Based on these results, the investigators believe that RNA trans-splicing—which involves joining the RNA from two different genes to create a hybrid messenger RNA—could provide the basis for developing therapeutic strategies to correct neurological and other diseases that occur as a result of RNA splicing aberrations.
VIRxSYS now has more than 40 publications in top tier journals showing the effectiveness of SMaRTTM in a broad variety of applications. We expect to begin testing this technology in human trials in the second half of 2010.
Our work with induced pluripotent stem cells (iPSC) was featured on FOXNews this July, broadening public awareness of the availability of alternative, viable options to embryonic stem cells.

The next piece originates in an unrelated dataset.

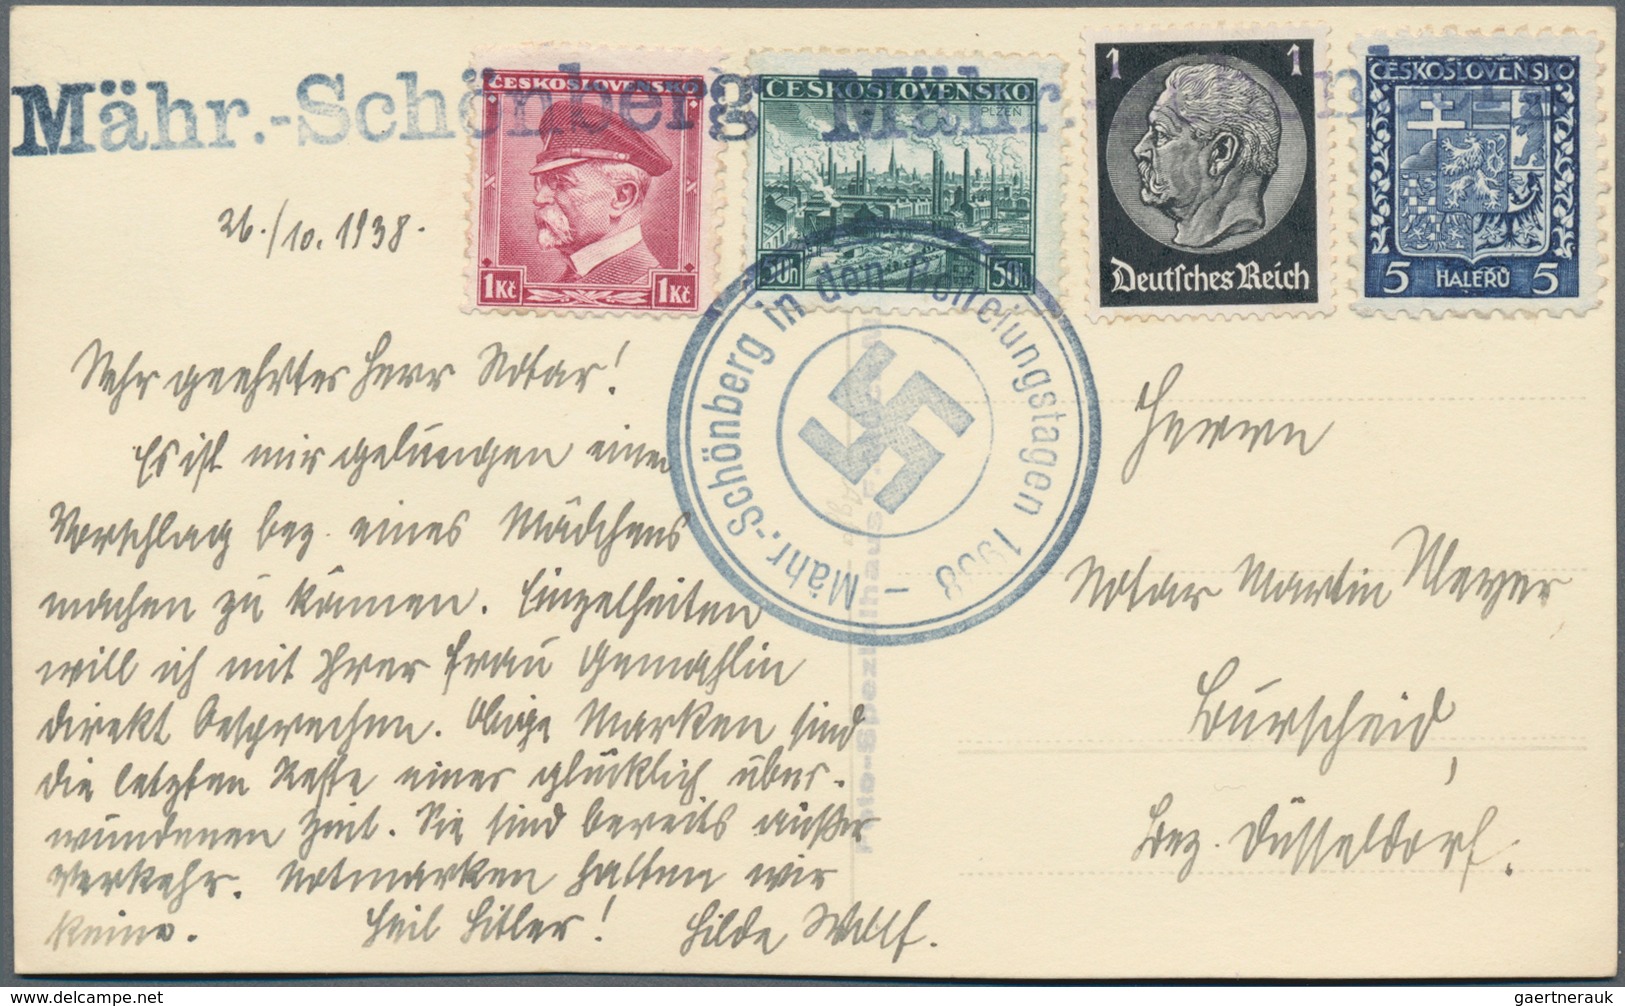 Sudetenland: 1938, Lot Von 31 Marken Und Zwei Belegen, Teils Signiert Mahr BPP, Besichtigen! - Sudetes

Like embryonic stem cells, iPSC have the ability to become any type of cell in the human body. The potential for clinical use of these cells includes treatments for diseases such as Parkinson’s, type 1 diabetes, heart disease and cancer. However, it has been shown that iPSC can be effectively derived from adult skin cells – avoiding the controversy associated with using cells from human embryos.

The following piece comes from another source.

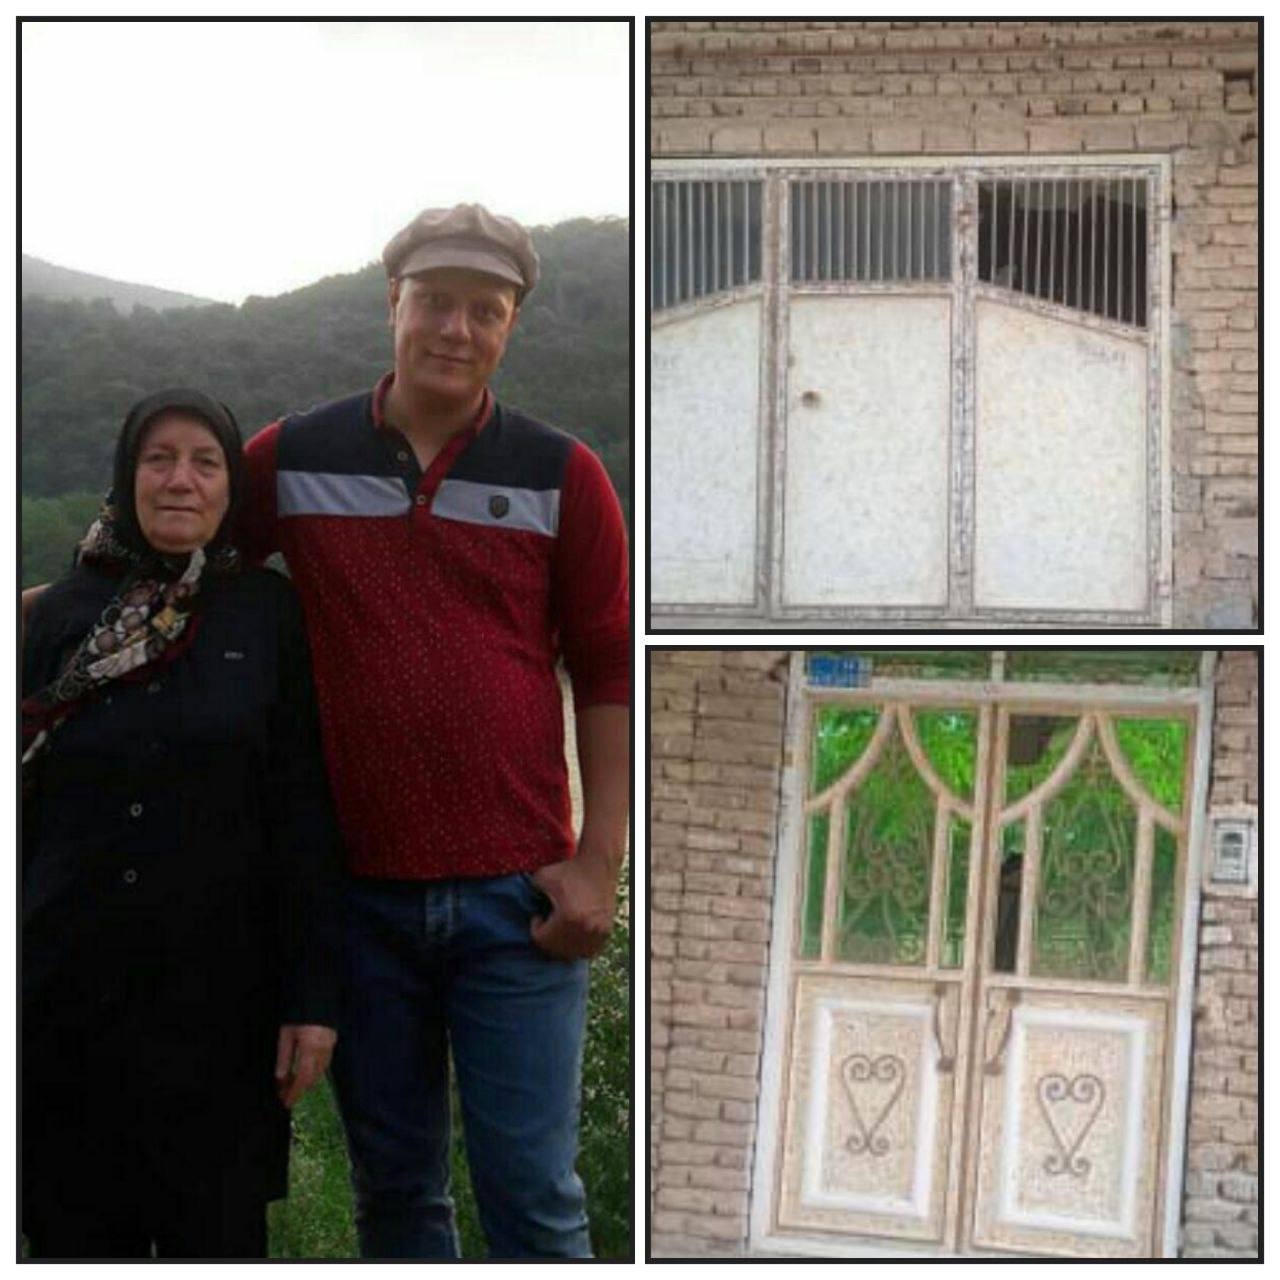 مامورین امنیتی  پس از شکسن شیشه های منزل؛ فرنگیس فتحی و اکرم کوخیان در شهر ملکان را بازداشت کرده اند

Further, iPSC generated from patients with genetic diseases can be corrected for the genetic defect and then used to replace the damaged tissue or regenerate new tissue for damaged organs. This is an application we are currently researching, using our lentiviral vector and RNA technologies to modify defective genes; the stem cells then replicate, with the resulting cells carrying and passing on the modified gene material.

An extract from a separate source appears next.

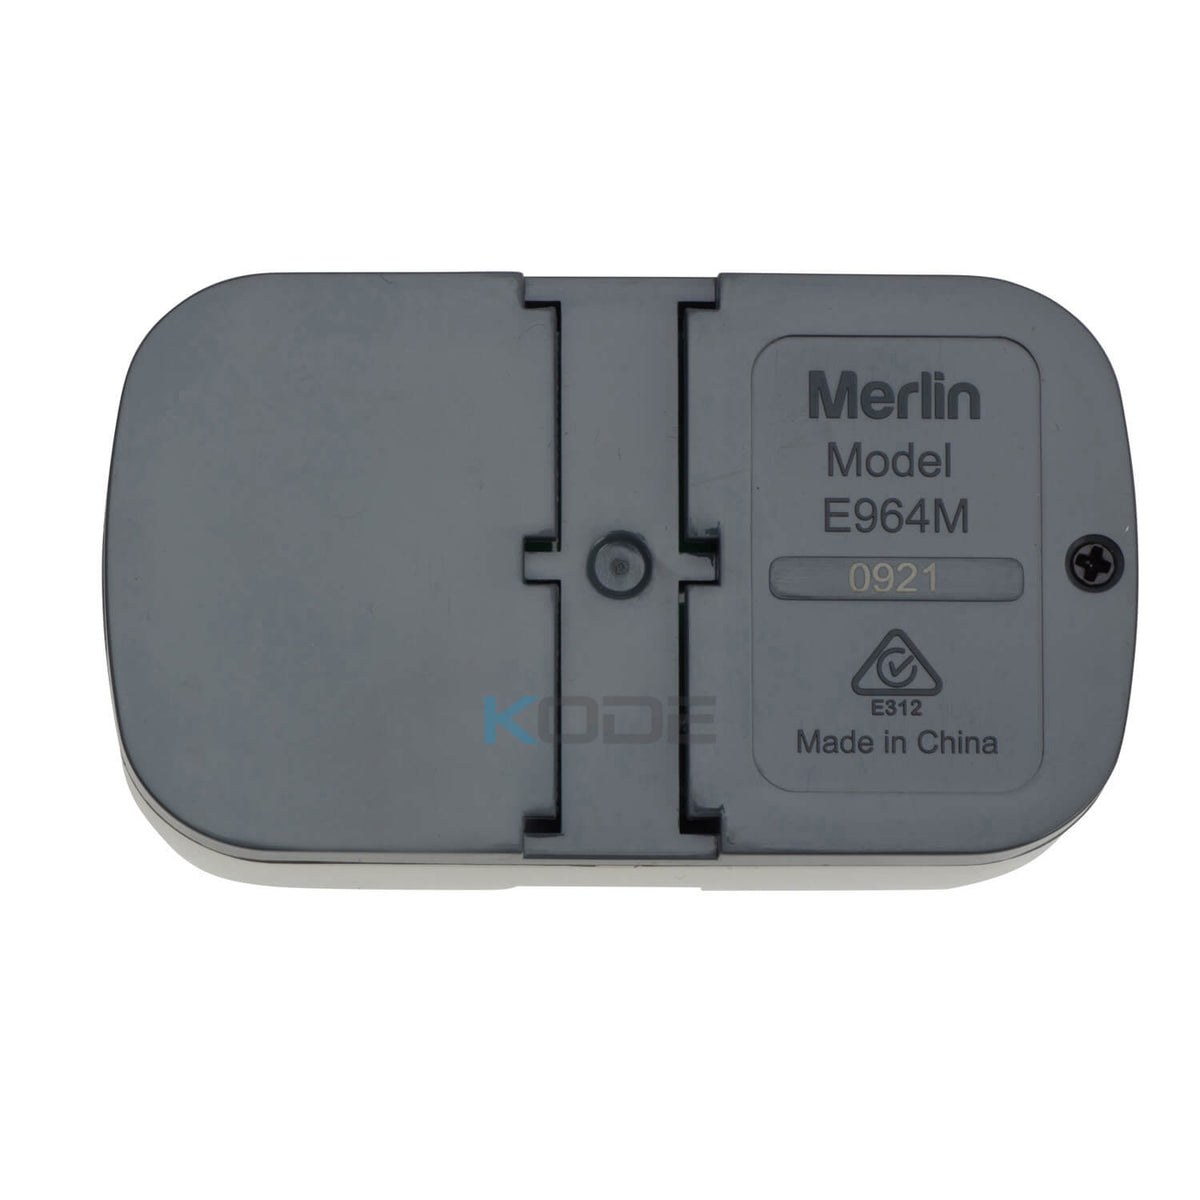 Merlin E964M Visor Remote - Back

This is an exciting time for our research, and the list of potential diseases is really significant.
Two Chinese studies caused a stir in the media, when results published in Nature and Cell Stem Cell showed that stem cells created from mouse skin cells – induced pluripotent stem cells, or iPSCs – had the ability to regenerate in much the same way as embryonic stem cells, resulting in both cases in the birth of baby mice.
iPSCs can potentially circumvent the use of ethically controversial human embryonic stem cells and provide many opportunities for therapeutic applications. Of course, much research is yet to be done before this approach can be brought to the clinic.
VIRxSYS is currently working to develop safer methods for creating induced pluripotent stem cells using the company’s proprietary spliceosome-mediated RNA trans-splicing (SMaRT™) and lentiviral gene delivery platform technologies; our research was recently funded by a grant [link to press release on VIR website] from the Maryland Stem Cell Research Commission.